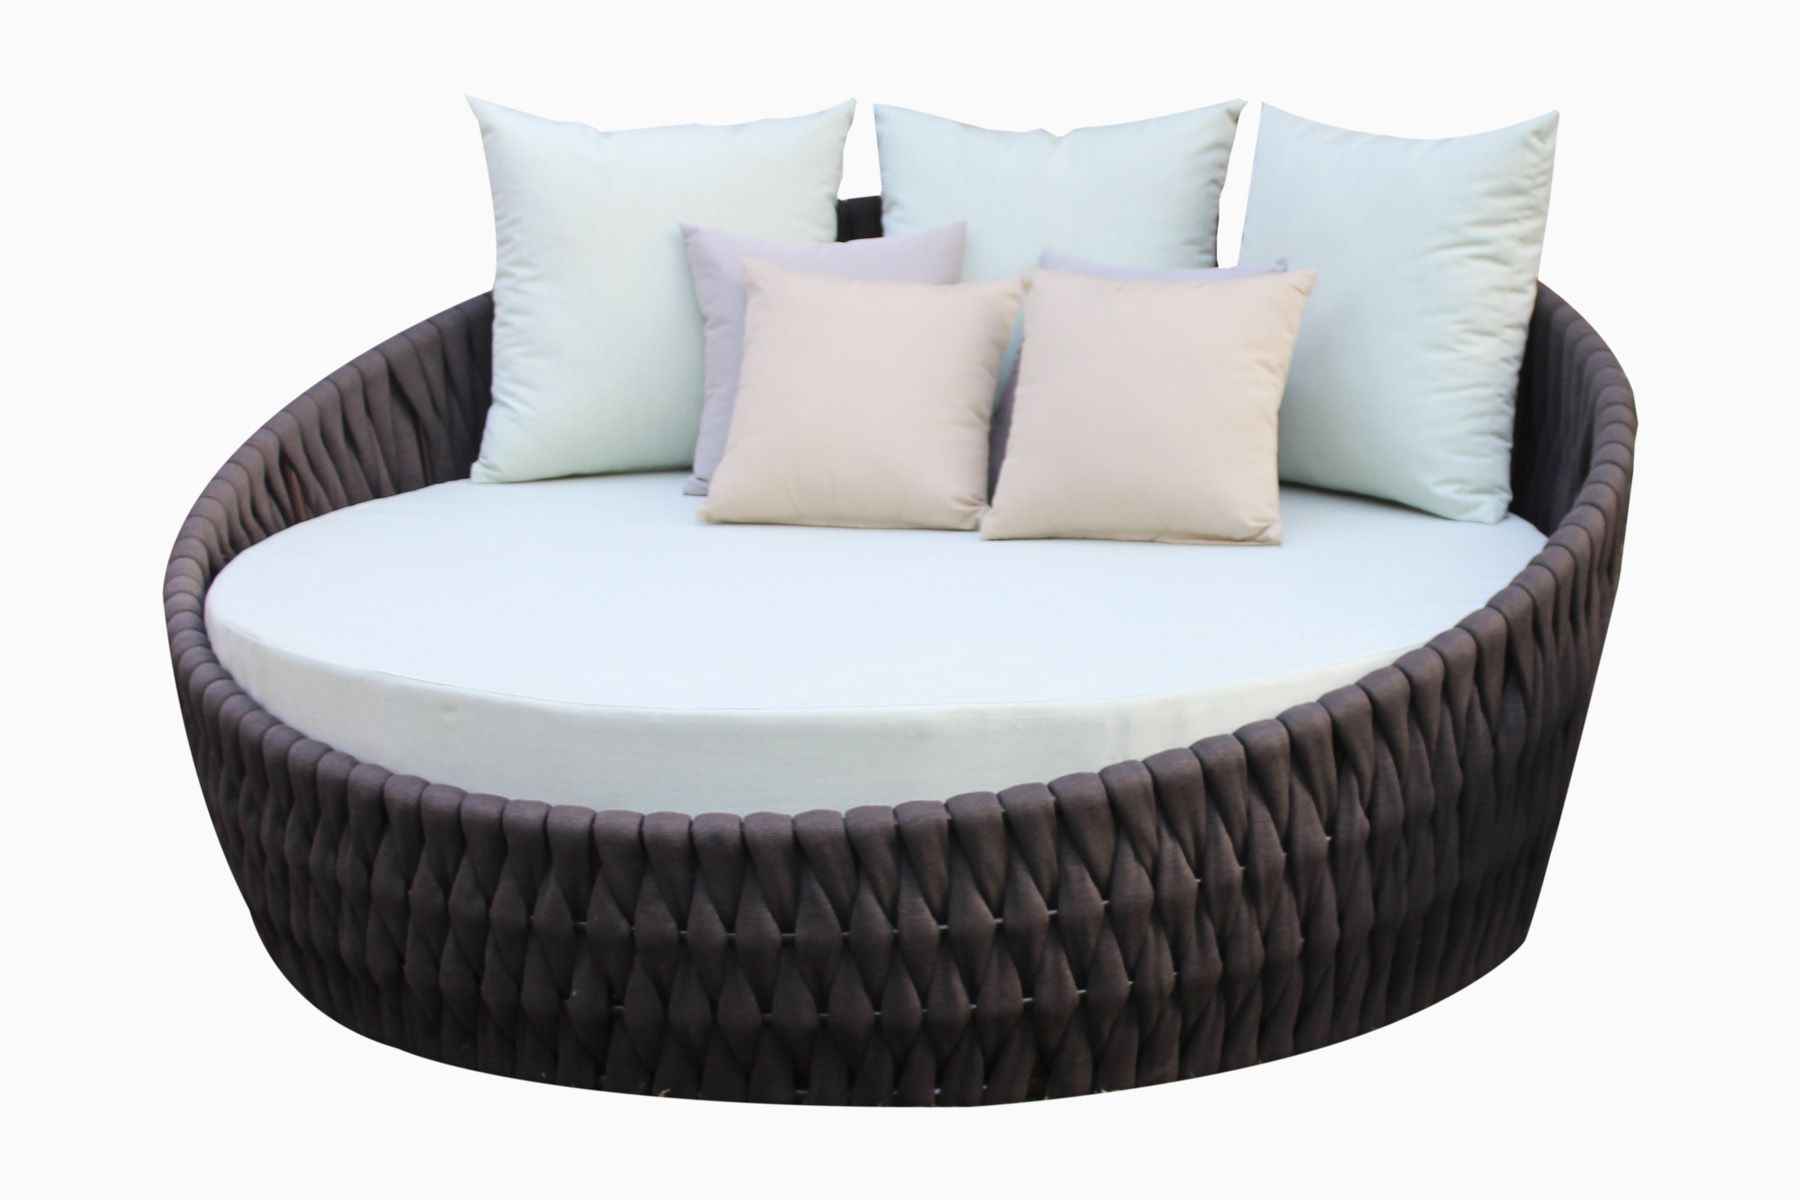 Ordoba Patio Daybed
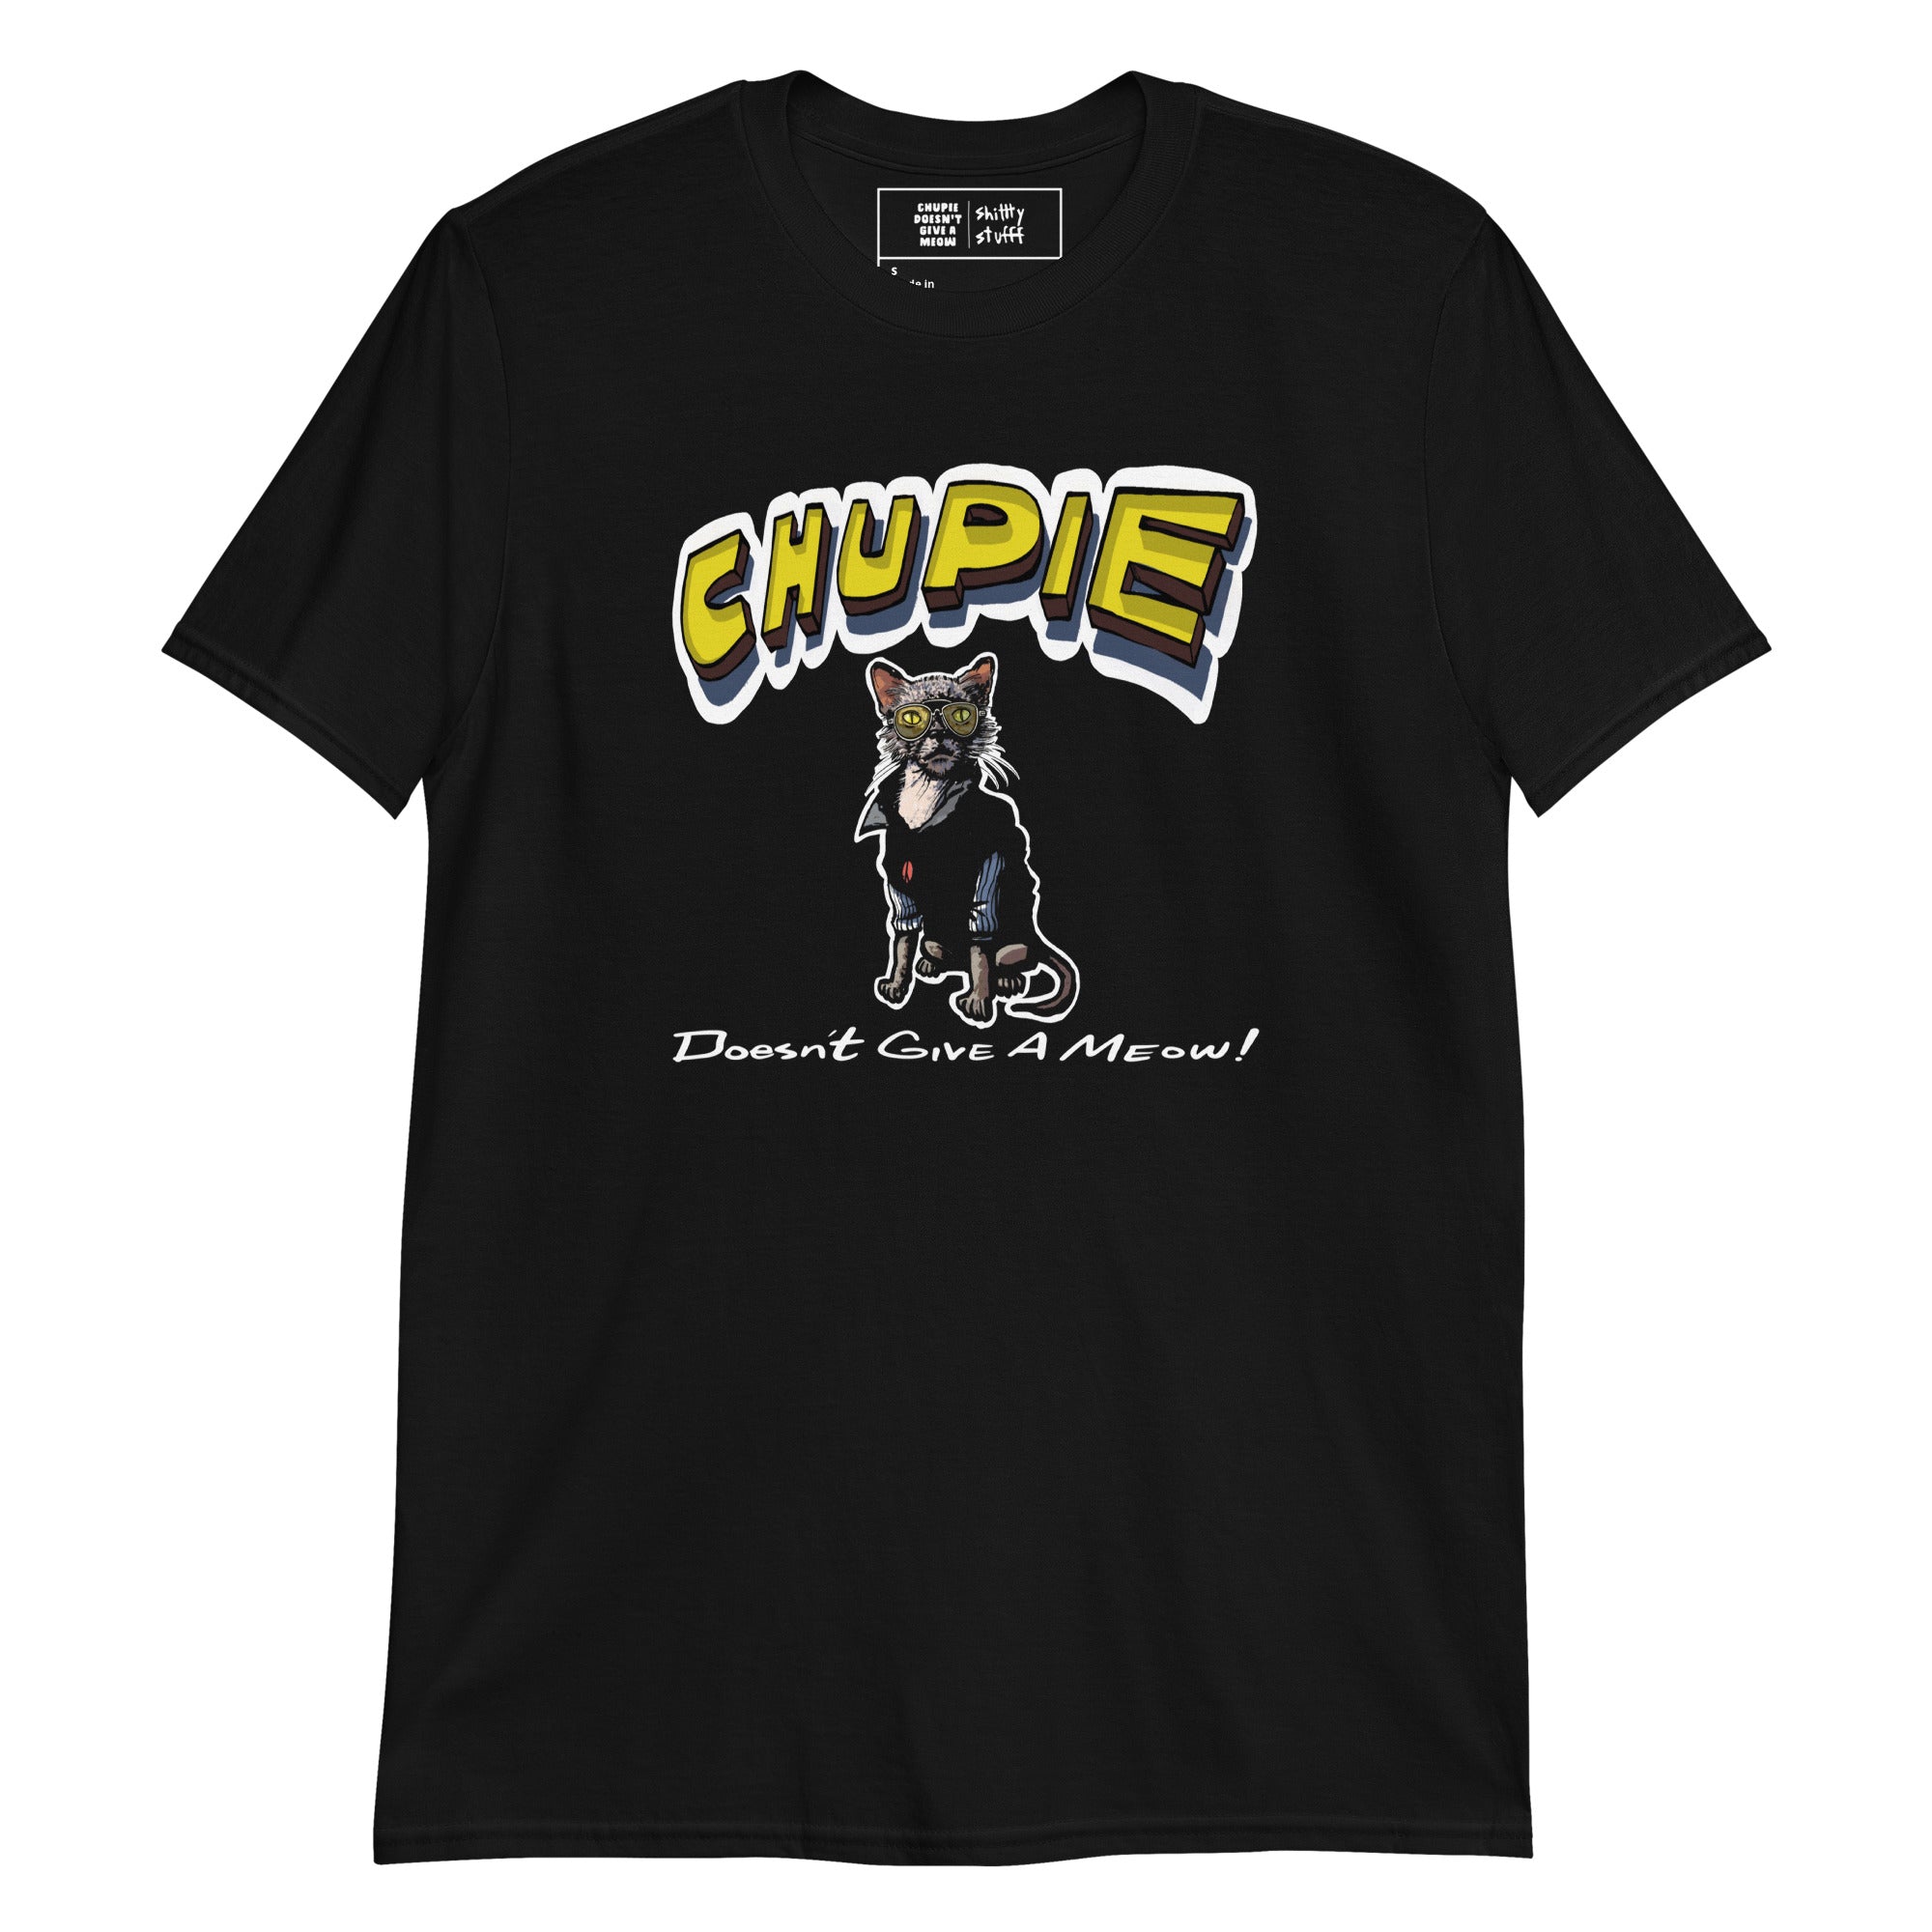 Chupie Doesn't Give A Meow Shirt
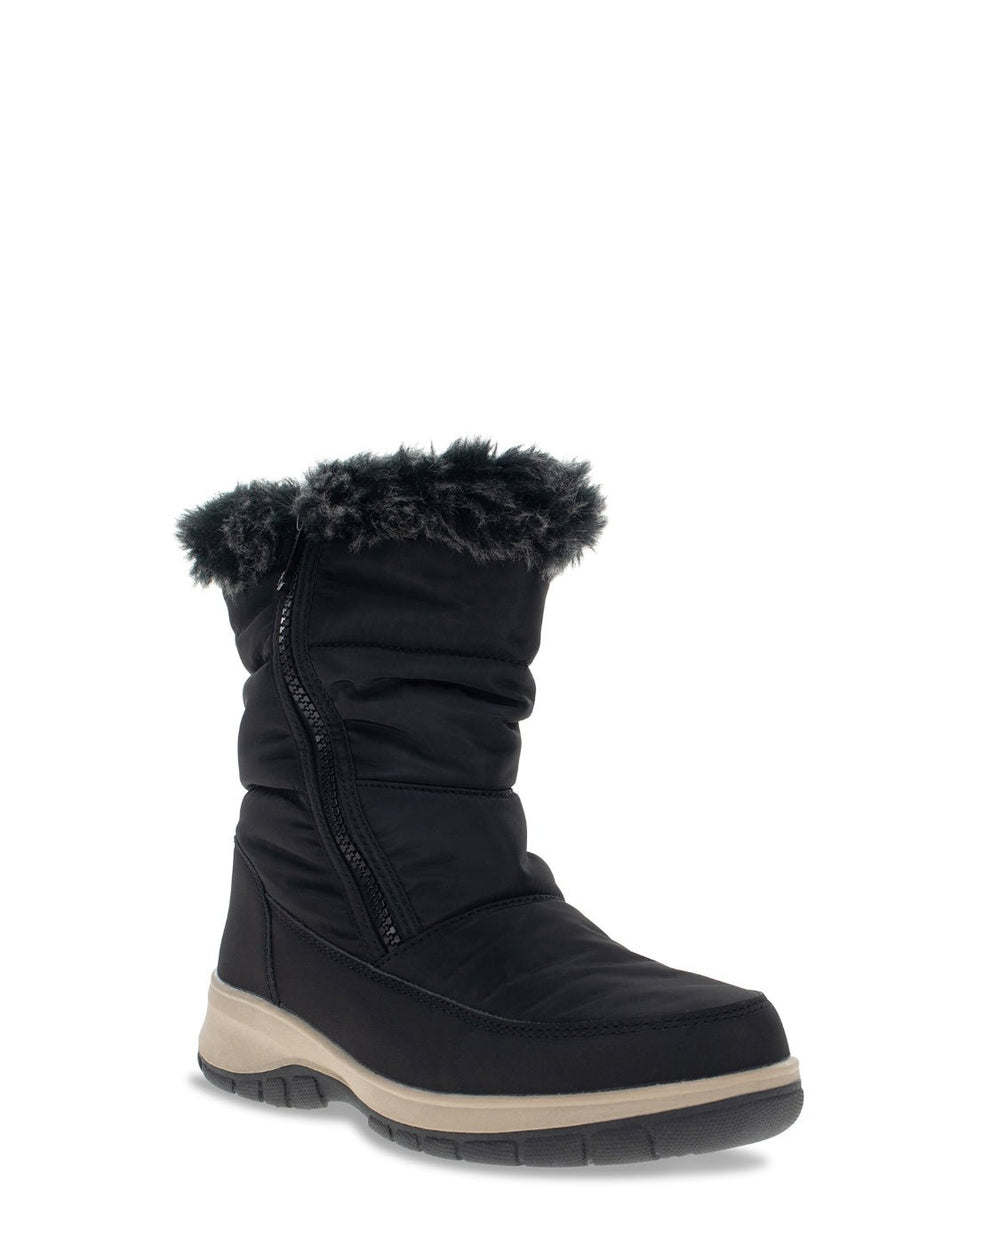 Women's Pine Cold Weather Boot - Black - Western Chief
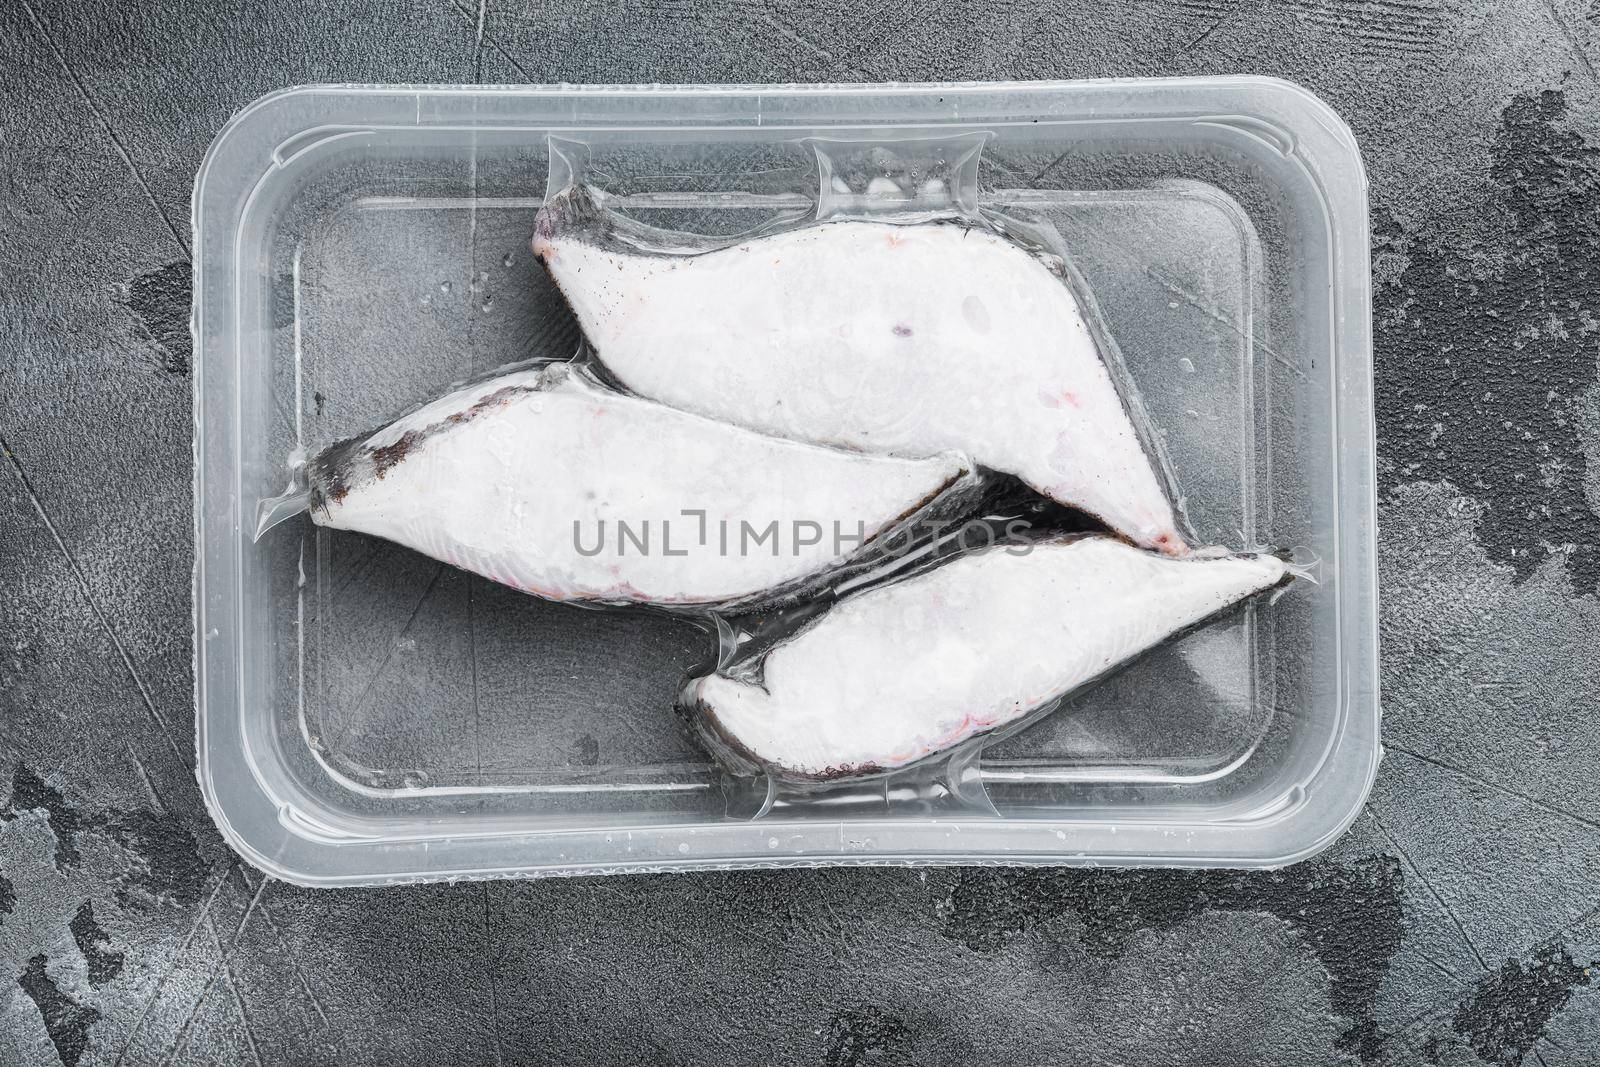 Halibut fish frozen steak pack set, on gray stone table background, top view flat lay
--*--
■ **Try it**:
The reply should contain all of the data above, word for word, with no pictures.

■ **Exercise response**:
 Ordoba Patio Daybed
 Chupie Doesn't Give A Meow Shirt
 Women's Pine Cold Weather Boot - Black - Western Chief
 Halibut fish frozen steak pack set, on gray stone table background, top view flat lay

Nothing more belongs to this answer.